Khare, however, said that the figure of seven deaths was inaccurate. “Dr John performed angioplasty procedures on 13-14 patients, and unfortunately, about three to four of them passed away. However, the figure of seven deaths is incorrect,” Khare said. 

First arrest in 2013

According to Yadav’s resume, a copy of which is with Newslaundry, he claimed to have worked at Klinikum Nuremberg Hospital in Germany from 2010 to 2018. However, Yadav was booked by the Noida Sector 20 police station on June 1, 2013, for cheating, forgery, and usage of forged documents. 

Speaking on the condition of anonymity, the lawyer, who represented Yadav in the 2013 case, told Newslaundry: “In 2013, he was employed at Kailas Hospital and Heart Institute in Noida and was booked for furnishing fake certificates at the hospital. However, when no investigation took place in the case for three years, he approached the Allahabad High Court with a plea to quash the FIR. The court didn’t quash the FIR but directed police to finish off the investigation soon.”

Details of the further investigation are unclear. 

According to parliamentary records, on February 21, 2014, Yadav was barred by the Indian Medical Council for five years.

The registration numbers provided by Yadav for the Indian Medical Council, State Medical Council, and German Medical Council do not list his name. Instead, they correspond to other medical practitioners, indicating that the registration numbers he provided were also incorrect. 

Even the references listed in his work profile turned out to be fabricated. For example, he provided the name of Vishal Ranawat as the Director of Human Resources at Klinikum Nuremberg Hospital. Interestingly, Ranawat is the same person who recently sent a legal notice to media organisations on behalf of Yadav. He also claimed to be a senior attorney at the Supreme Court, with an office in Delhi’s Mandi House. A copy of the legal notice is available with Newslaundry.

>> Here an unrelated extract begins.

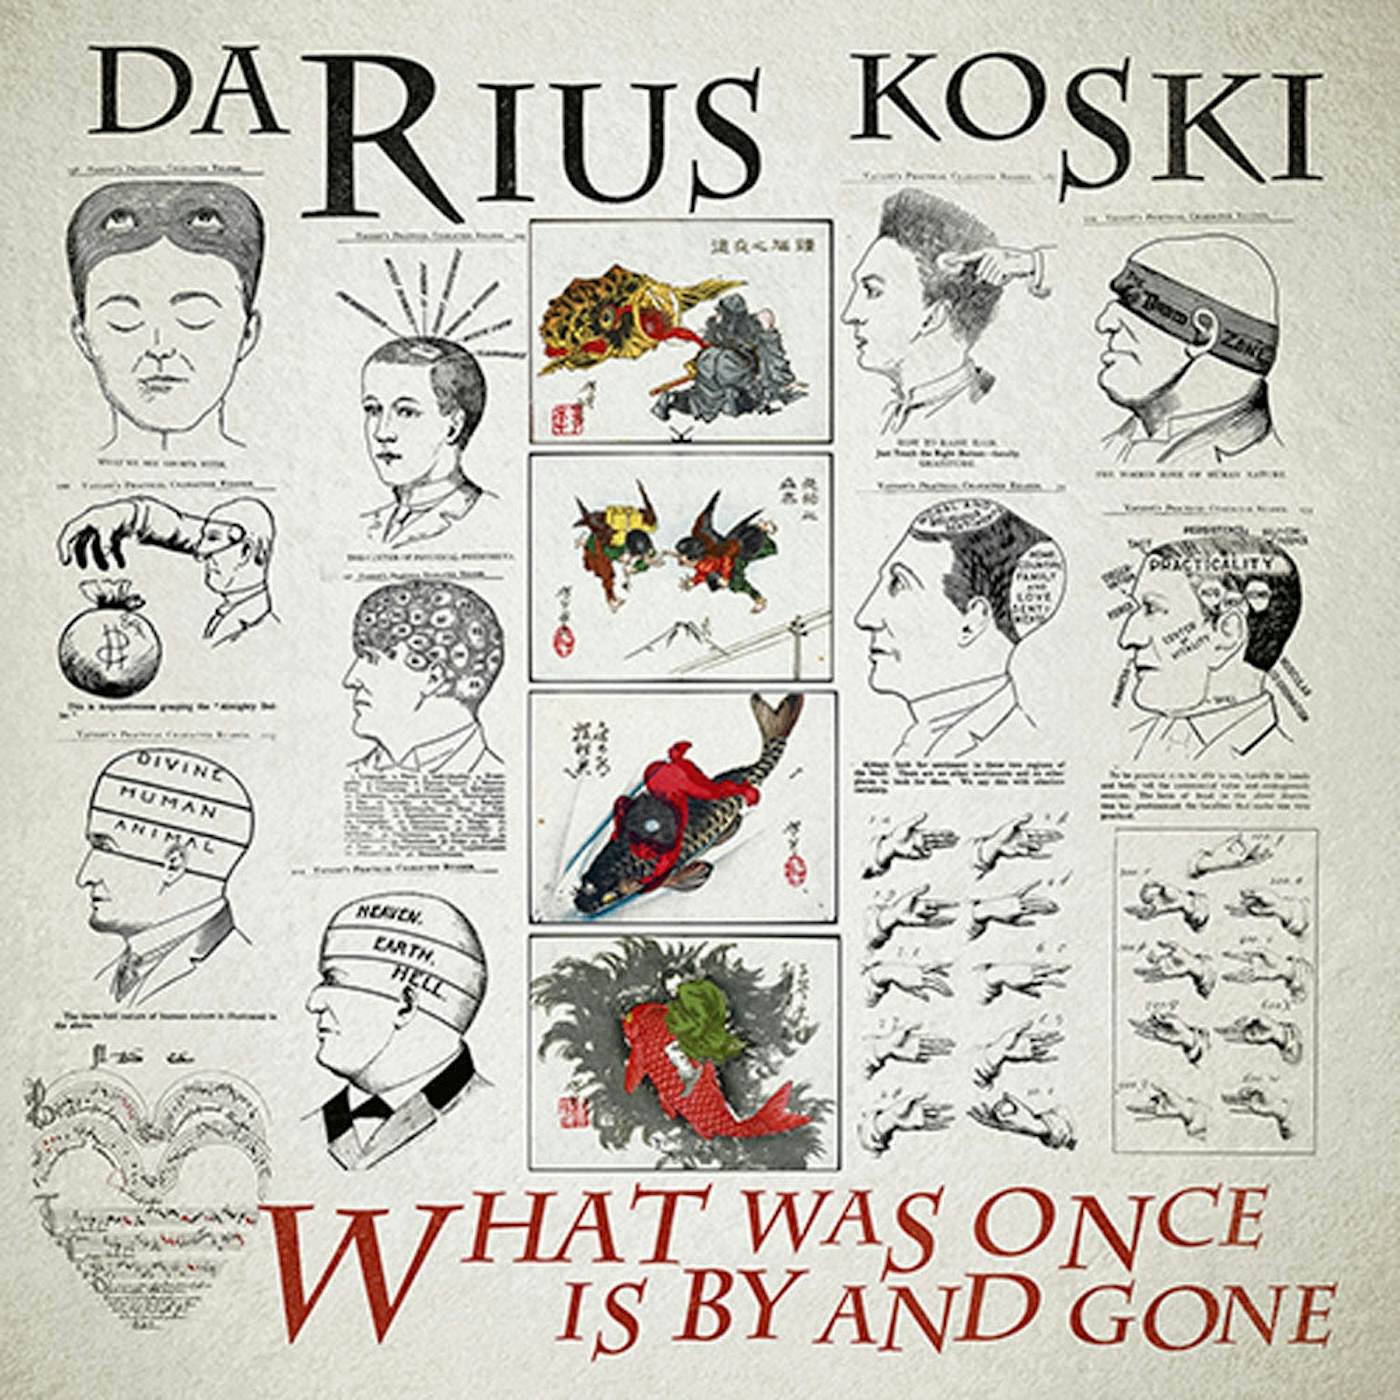  Darius Koski LP - What Was Once Is By And Gone (Vinyl)
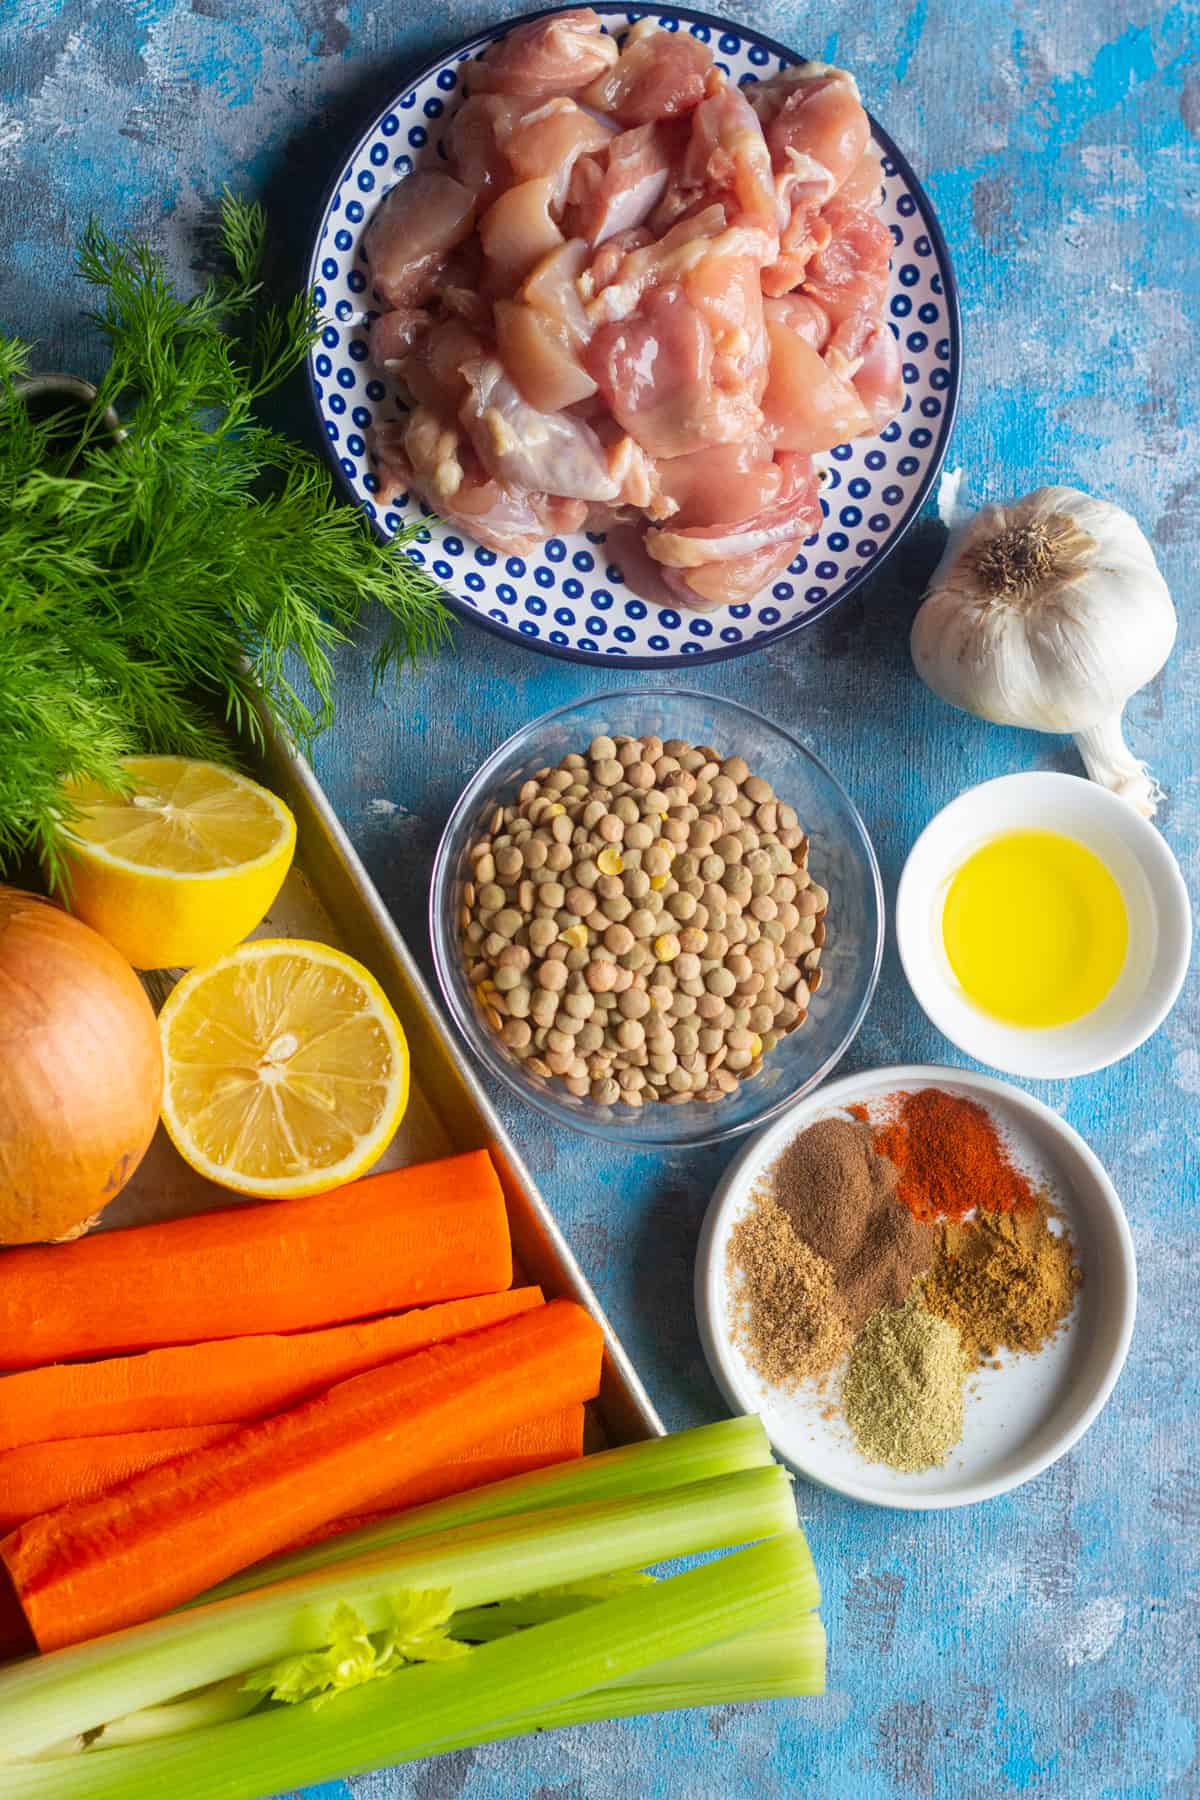 To make chicken lentil soup you need onion garlic, carrots, celery, chicken thighs, lentils and spices.

Started medical school at age 15, became an MD at 23

According to his resume, Yadav, posing as Dr Camm, claimed to have earned his MBBS degree from North Bengal Medical College in Darjeeling between 1990 and 1996. However, his birth date is listed as January 1, 1975. If Yadav’s claim were true, he would have been just 15 years old when he supposedly began his medical studies in 1990 – an age when most students are still in Class 9.

According to Yadav’s claims, he pursued his MD from Calcutta Medical College between 1996 and 1999. From 1999 to 2001, he completed the course to become a member of the Royal College of Physicians from Glasgow and also worked at St George Hospital in London. This implies he completed his MD by the age of 23, which is highly unlikely in the field of medical sciences.

Yadav also claimed that from 2001 to 2004, he worked at St George Hospital in London as a unit faculty and teamed up with the famous cardiologist Dr John Cann, whose name Yadav allegedly adopted for his fraudulent activities. 

In 2020, Yadav also created a Twitter account with Dr Camm’s name. Through his tweets, he urged India to send Uttar Pradesh CM Yogi Adityanath to control riots in France, which gained traction after they were retweeted from the CM’s account. In 2023, he also sent a legal notice to Mohammed Zubair, co-founder of Alt News, after the latter accused him of being a fake doctor. 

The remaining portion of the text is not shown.